Sainte-Anne's village merchants enraged over reduction of city garbage collection for the summer.
The summer season in the Sainte-Anne-De-Bellevue (SADB) village is gearing up as the city gears down garbage pick up from twice a week to once a week. Merchants of the village are very concerned this will cost them valuable post-pandemic dollars this summer as they get set for tourists to descend on the waterfront boardwalk.
Merchants are used to two garbage collections each week, once on Tuesday and again just before the weekend in the summer months. Amongst concerned merchants is Nicholas Hatziiliou, the owner of long-standing SADB village restaurant Violet Angel. In an email to the city, he expressed a need for solutions, as a deviation from the bi-weekly trash collection will become visible to tourists and residents of the village alike.
"During the summer season we fill up four black bins per week," stated Hatziiliou. "We’re strict to recycle everything we can. We hide our bins in a room under one of our decks because we don’t want customers seeing them. We hate the idea of having more bins in the alley of Rue du Collège that the building beside us already puts out. There is no way all these restaurants are magically going to have half the garbage."
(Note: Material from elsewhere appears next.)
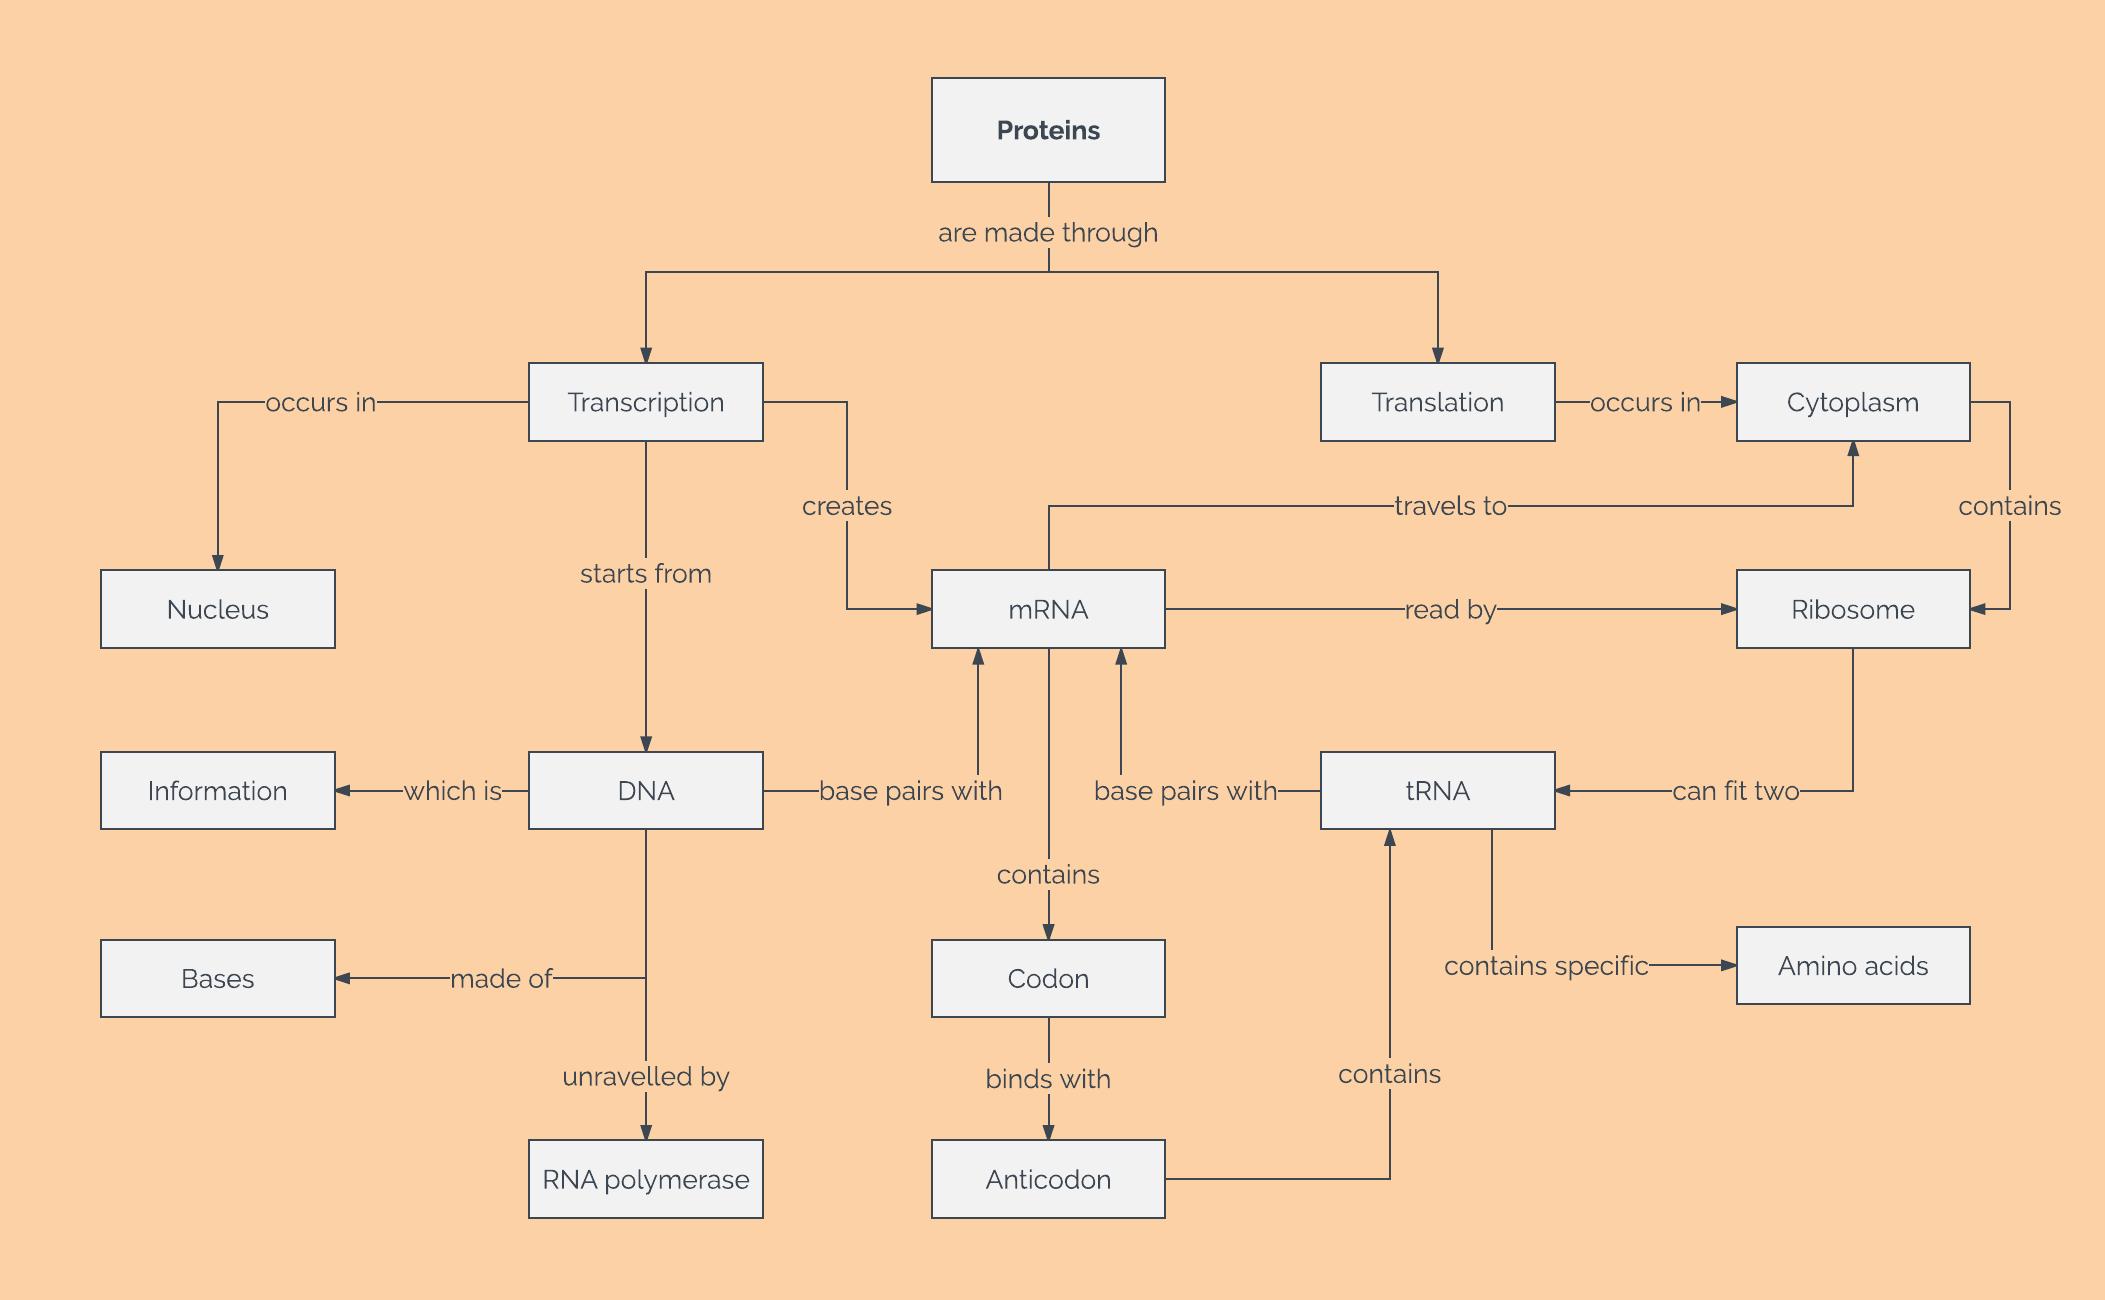 cellular respiration diagram worksheet 1971 honda cb450 wiring how to make a concept map in word | lucidchart blog

The city cites this change in services, at a cost of $5,600, as an attempt to reduce waste and to encourage recycling and composting initiatives. They claim, in a letter to residents, that a report from the City of Montréal revealed that from January until August of 2021, SADB had generated 2.62 times more household waste than the average of the urban agglomeration of Montréal.
Jean Claude Provost, the President of the SADB Merchants Association also cites economic challenges that face the merchants: "The city offered a second collection for an additional $1,000 per week for the main village street, divided amongst the merchants. Compared to the costs from last year, the pick up cost last year for the 16 week period will sky rocket from $5,600 to $16,000. Our organization's budget of $25,000 can not withstand this increase, especially after the past two years."
"We have just lived through two costly years due to the pandemic," stated the President of the SADB merchants association, Jean Claude Provost. "The cost of the second pick up from May to October is $5,600. I think the council is missing the big picture on a city with a budget of $20 million."
The owners in the village remain persistent in seeking solutions from the city and hopefully residents.
"Even if we put aside the strategic nightmare this creates for the restaurant owners,"
Hatziiliou expressed, "there is a sanitary disaster in the making that the city will have to deal with. Maybe they'll react once the towns residents and patrons start complaining about the stench this will cause and the rodents it will bring."